I don't want to go to his Christmas celebration, but there is a part of me who wants to be there and see for himself what the big deal is. The part of me who used to look at unbroken families and happy couples with pity – because he knew that their happiness wasn't eternal, no matter what they thought - but with wistfulness too, because he would have given anything to taste a bit of that joy, no matter how brief it was…

Finally, I make up my mind. At eleven, I call Warrick and ask him to take over my office duties. He says yes without needing any explanations; he simply says that he needs the distraction. I gather these holidays are a difficult time for him.

Well. Join the club.

So, clad in the hand-knitted socks and my only suit, (yes, I want to make a good impression; yes, I feel slightly ridiculous.) I'm ready to go. I know that giving gifts is a big part of the holidays so I make sure that I have my credit card in my wallet. I'll stop somewhere and buy something for mama Asty, and maybe something for Greg too.

But just as I'm leaving my bedroom, I look at the door at the end of the hallway. My storage room. I rarely ever take anything from it, but I know there is something there that could be perfect for today.

I open the door and see dozens of boxes piled up against the walls, all containing treasures and mementos that I've hoarded over the years. I immediately find the one I need. It's a box labeled 'Grandmother'. I don't dwell on the contents for long. What I need is on top, still wrapped in delicate tissue paper: A lacy handkerchief that I bought during a trip to Switzerland. My grandmother had been dead for years by then, but I couldn't help buying it for her. She would have appreciated it.

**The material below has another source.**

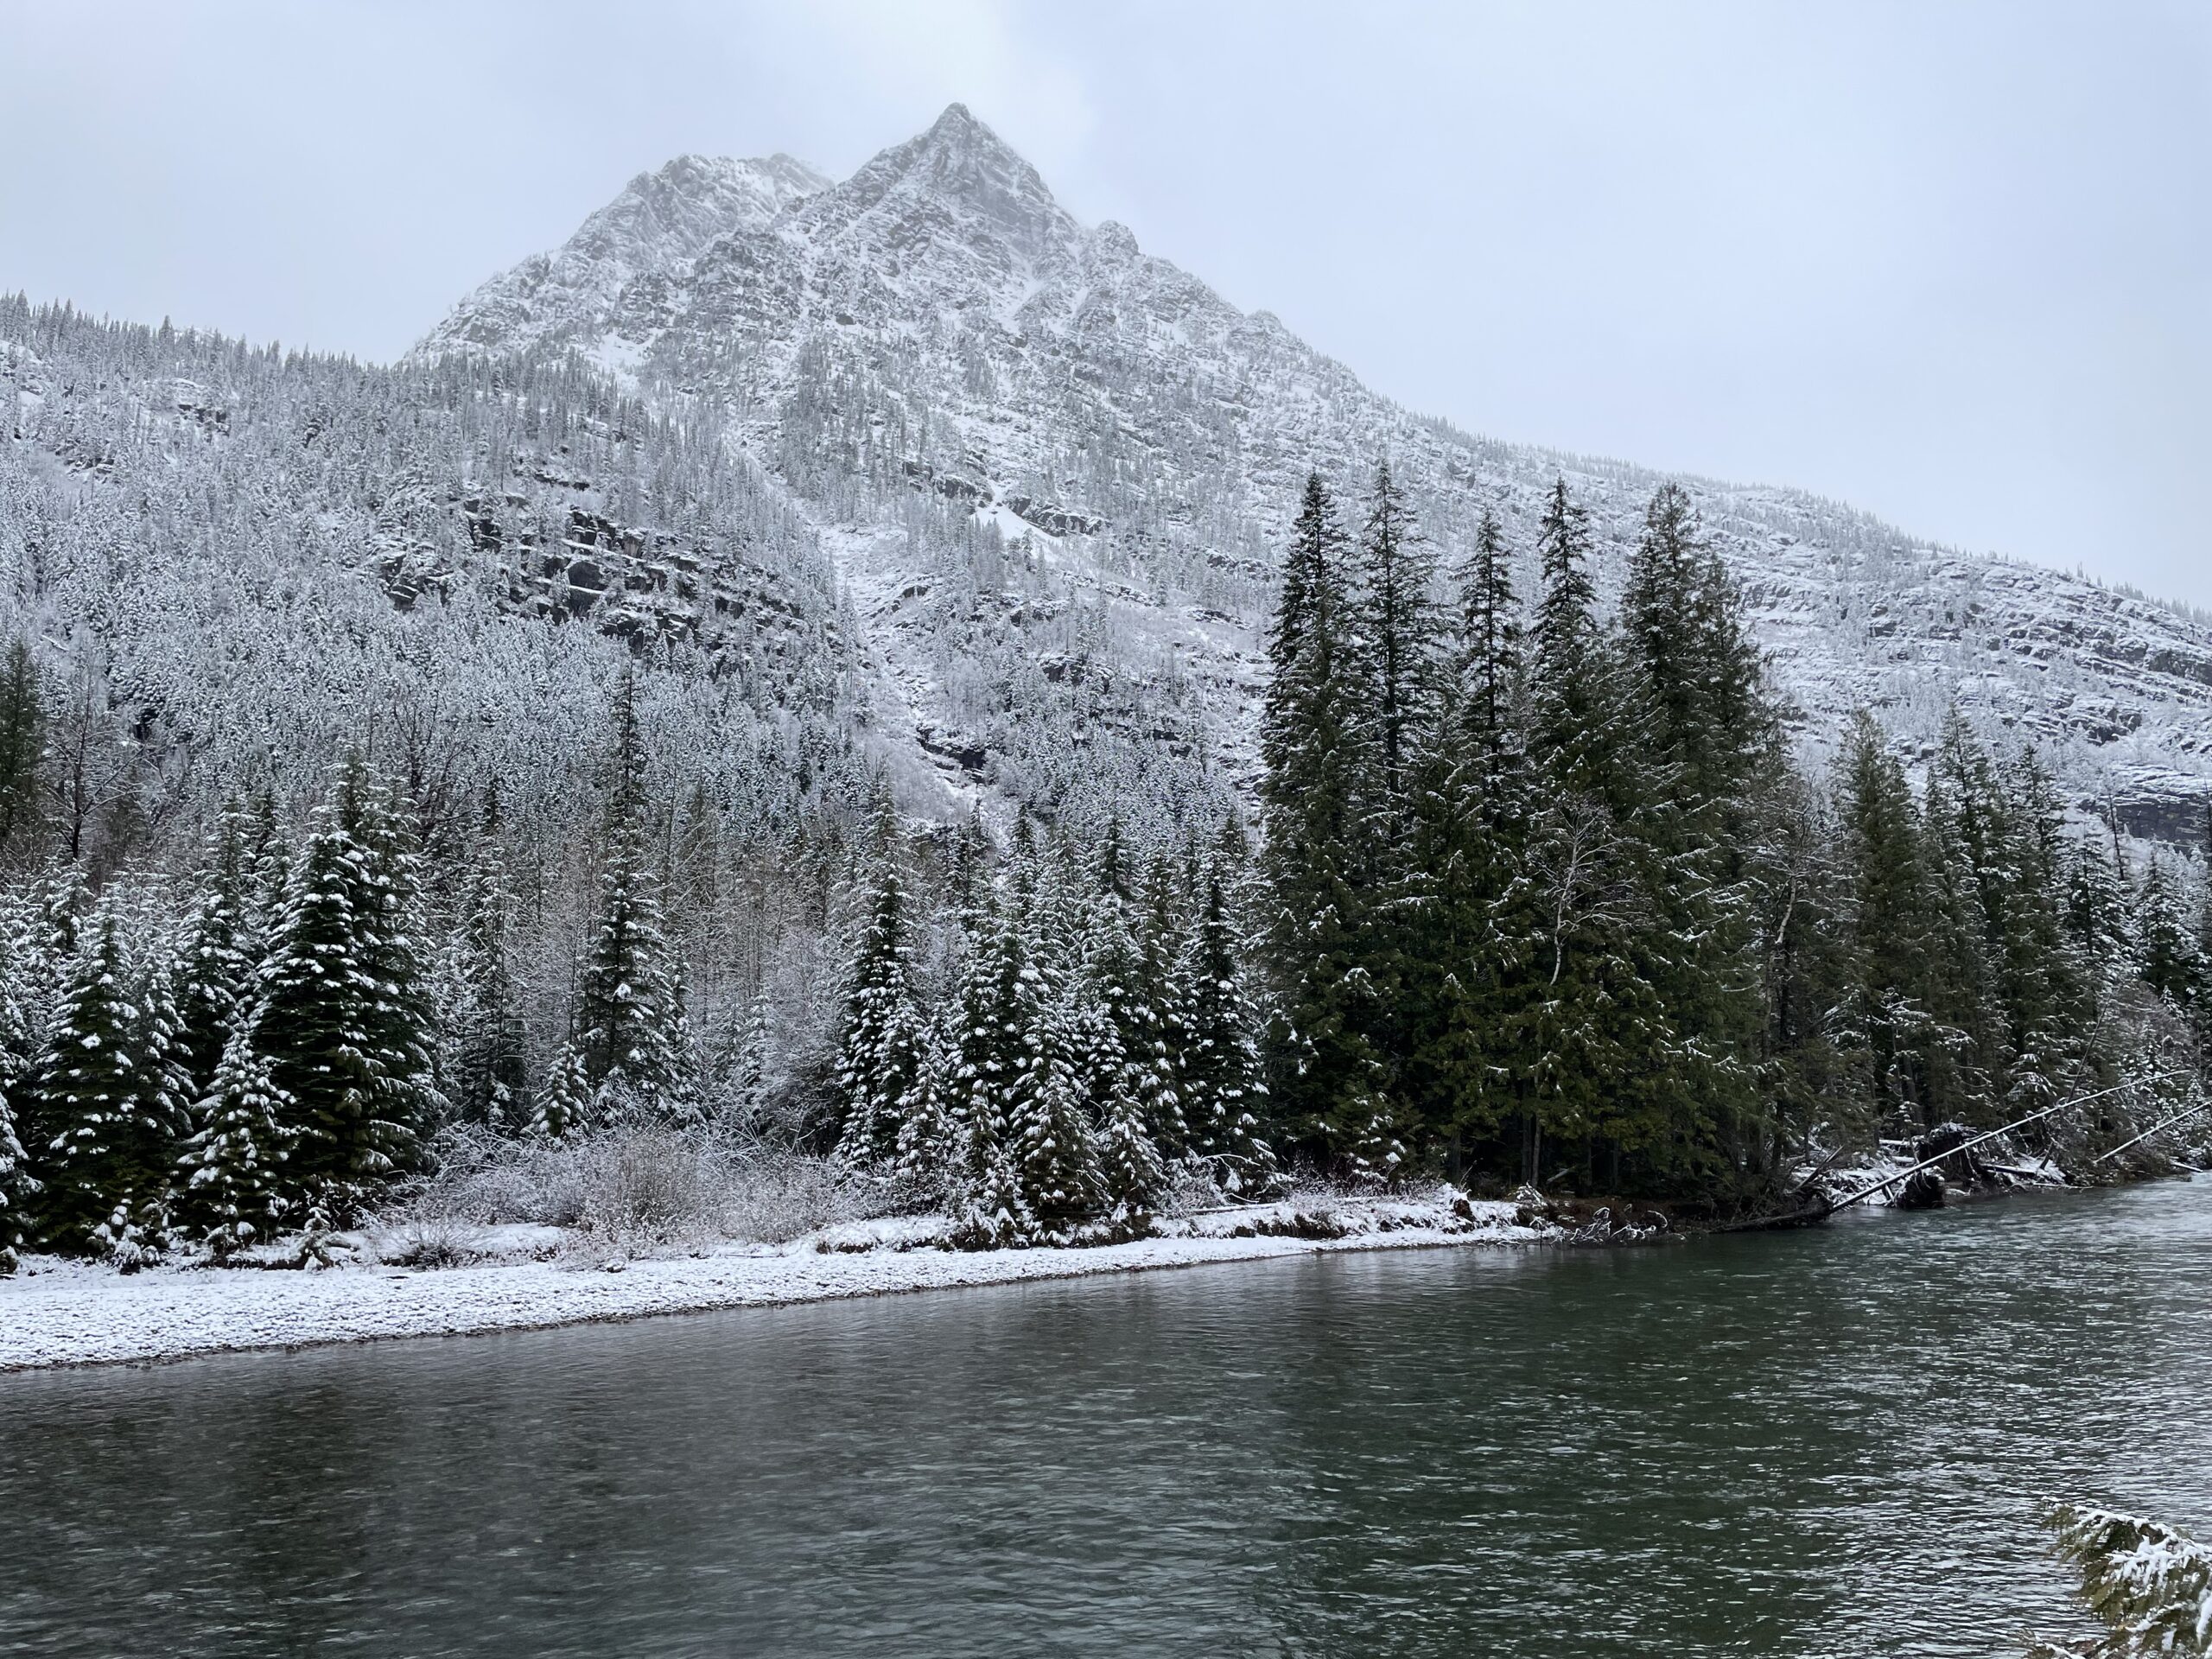 Snow blankets the mountains above McDonald Creek

Maybe now there is someone else who will appreciate it just as well.

So, here I am. I have two packages in my hands; the handkerchief for mama Asty and half a dozen white socks for Greg. I've been standing in front of his door for about ten minutes, mustering the courage to knock. I've been listening to him and his family laugh and talk, and just a minute ago one of the women started to sing and the others joined in. There are other assorted sounds coming from inside too: Someone's using scissors and a glue gun – Greg said something about home-made Christmas ornaments, didn't he? – and someone's using his blender. There are smells too: fresh-baked bread and something spicy and sweet, plus the awful smell of fish. Oh, well.

I'm about to knock, when I notice a basket hanging from a nail beside his door. It's filled with little squares of candy wrapped in cellophane.

"For the nisse" I mutter, remembering his words.

I slowly chew on a piece of candy and lift my hand again, but I don't knock.

I don't have to. I have a key.

I take it and push it into the keyhole, and suddenly I have the feeling that I'm about to gamble the rest of my life and I truly don't know the odds…

But what the hell. I'll do it.

It's what he wants; and deep down, it's what I want to do too.

Besides…This is what you do for love.